Before I Die
- Author: Jenny Downham
- Language: English
- Genre: Young adult
- Publisher: David Fickling Books
- Publication date: 2007
- Publication place: United Kingdom
- Media type: Print (hardcover)
- Pages: 336
- ISBN: 978-0-385-75158-2

= Before I Die =

2007 young adult novel by Jenny Downham

Before I Die is a young adult novel written by Jenny Downham, first published by David Fickling Books in 2007. The novel follows Tessa's shortly-ending life from her perspective.

==Plot==
Tessa is diagnosed with acute lymphoblastic leukaemia. Despite four years of chemotherapy, she has discovered that her cancer is terminal, and her doctors give her a short time to live. Tessa, with the help of her best friend, Zoey, comes up with a list of things she wants to do before she dies, including some risky behaviours that she deems necessary to have "lived." Zoey is excited and supportive of the outrageous bucket list until an unplanned pregnancy test comes up positive.

Tessa's parents are divorced and have very different views on her desire to experience the dangerous side of life before she passes. Her mother is loving and joking about the situation and seems supportive, but she has not been present in Tessa's treatments or involved in her life at a deep level. Tessa's father is timid and just wants to spend time with his daughter.

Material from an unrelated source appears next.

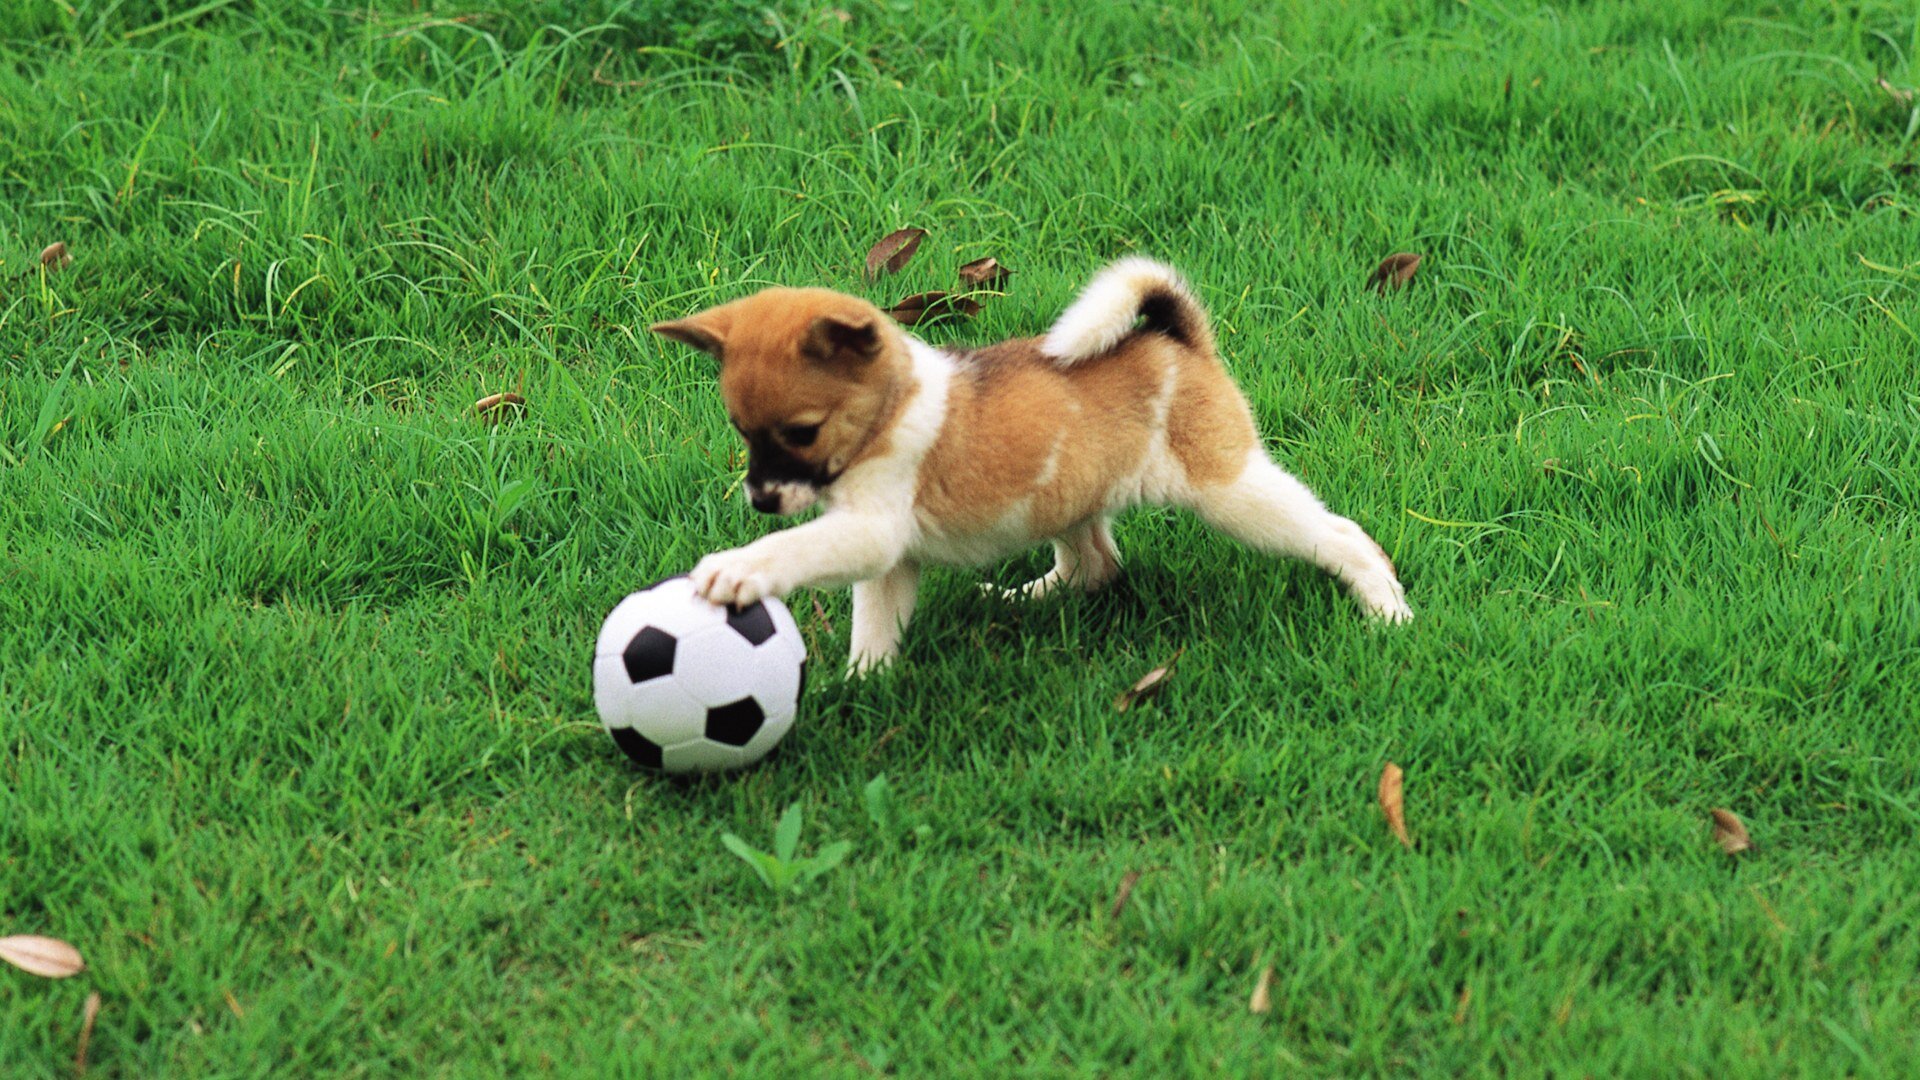 çimlerde topla oynayan yavru köpek

He is resistant to Tessa's behaviour from the start but realises that he has little influence and can only enjoy the time that they have left. Her father's main mechanism for coping is denial; she mentions that he spends hours on the computer looking up possible treatments for her even after the doctors told her that the cancer has consumed her body.

Tessa's brother, Cal, is a brutally honest individual and has mixed feelings throughout the novel ranging from lack of care to jealousy to sadness. In the beginning of the novel, Cal says to his sister "I'm gonna miss you" during a joking situation.

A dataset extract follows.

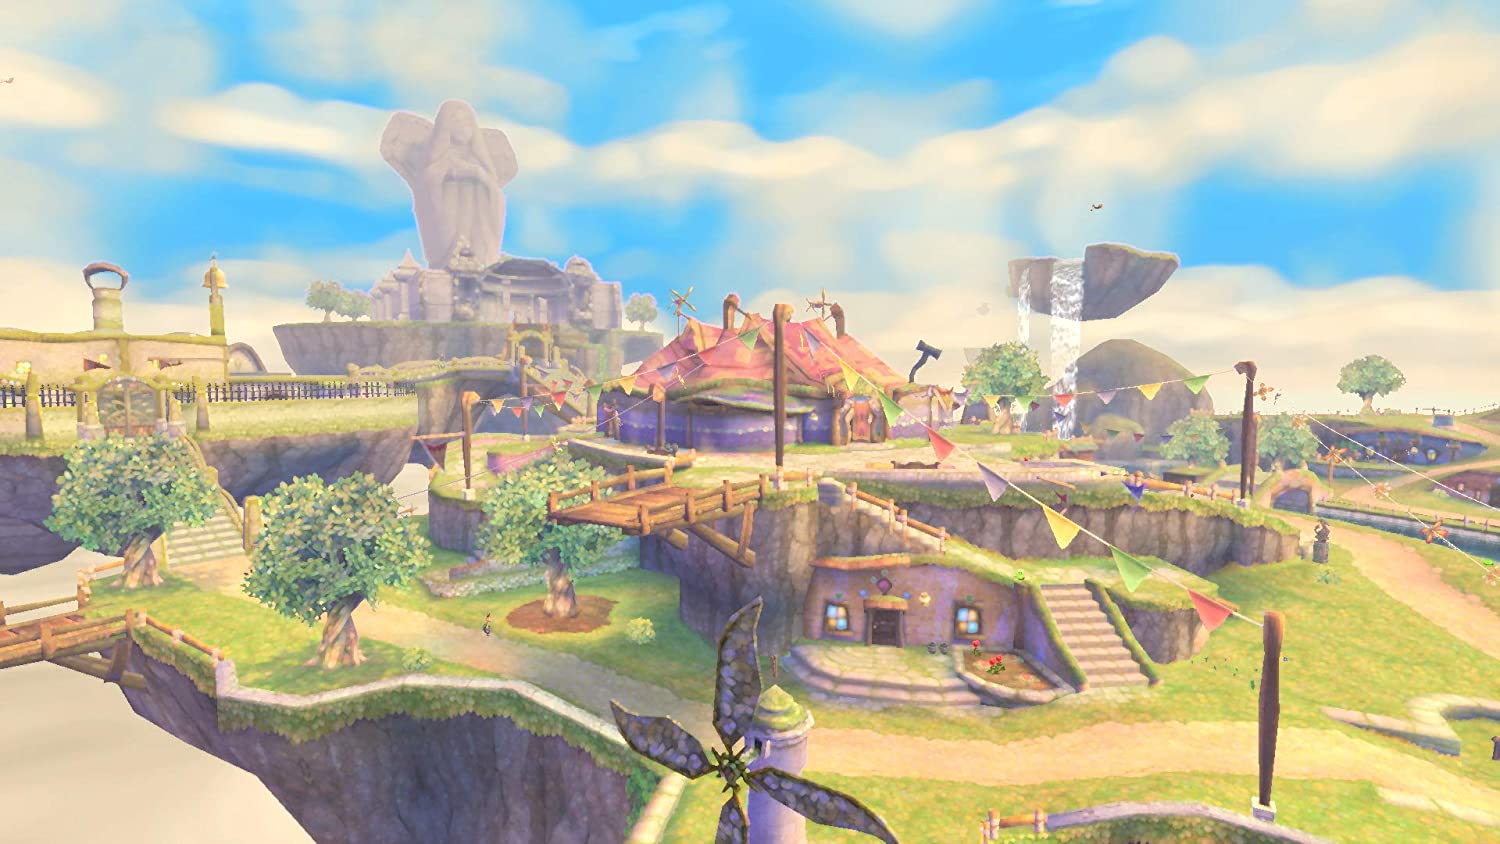 The Legend of Zelda Skyward Sword HD - Nintendo Switch

One of Tessa's last wishes is to find love, which she thinks that she has with her neighbour Adam. Adam is shy, and his main priority is taking care of his sickly mother after his father died.

The book is written in the first person from Tessa's point of view. It follows her last few months of life, explores her relationships with her loved ones, and her personal feelings about being trapped in a failing body.

==Characters==
- Tessa Scott
  A 16-year-old battling leukaemia who has a bucket list of things she wants to do before she dies and makes Zoey and Adam help.
- Cal Scott
  Tessa's 11-year-old younger brother is stuck in the position of jealousy of his sister's attention and his sadness of her unavoidable death. Even in her last moments, Cal makes jokes such as "Bye, Tess. Haunt me if you like. I don't mind."
- Zoey
  Tessa's best friend, who in the beginning of the novel is her biggest advocate for living on the wild side, until Zoey becomes pregnant. Tessa occasionally asks Zoey, "Are you telling me to?" Zoey's answer is always "yes".
- Adam
  Tessa's boyfriend and neighbour, who spends most of his time attending to his mother and after the death of his father became depressed. Adam is there when Tessa takes her last breath and is the love of her short life.
- Jake
  The boy Tessa met in the club and lost her virginity to.
- Scott
  The father of Zoey's child and a good friend of Jake.
- Tessa's father
  He is desperate to keep his daughter alive and has come to realise that he does not have a say in her actions and can only hope that she will come to her senses, often stressed out about what Tessa is doing but does not know what to do.
- Tessa's mother
  She divorced from Tessa's father before Tessa was diagnosed. She has not been present in Tessa's treatments or involved in her life at a deep level.

==Awards and nominations==
Before I Die was listed for the 2007 Guardian Awards and the 2008 Lancashire Children's Book of the Year. It was nominated for the 2008 Carnegie Medal and the 2008 Booktrust Teenage Prize. Before I Die won the 2008 Branford Boase Award.

== Film adaptation ==

The novel has been adapted into a film entitled Now Is Good by the production company Blueprint Pictures, in association with BBC Films and the UK Film Council. The film stars Jeremy Irvine as Adam, Dakota Fanning as Tessa and Kaya Scodelario as Zoey. Filming began on location in London and Brighton in July 2011. Now Is Good was released in September 2012.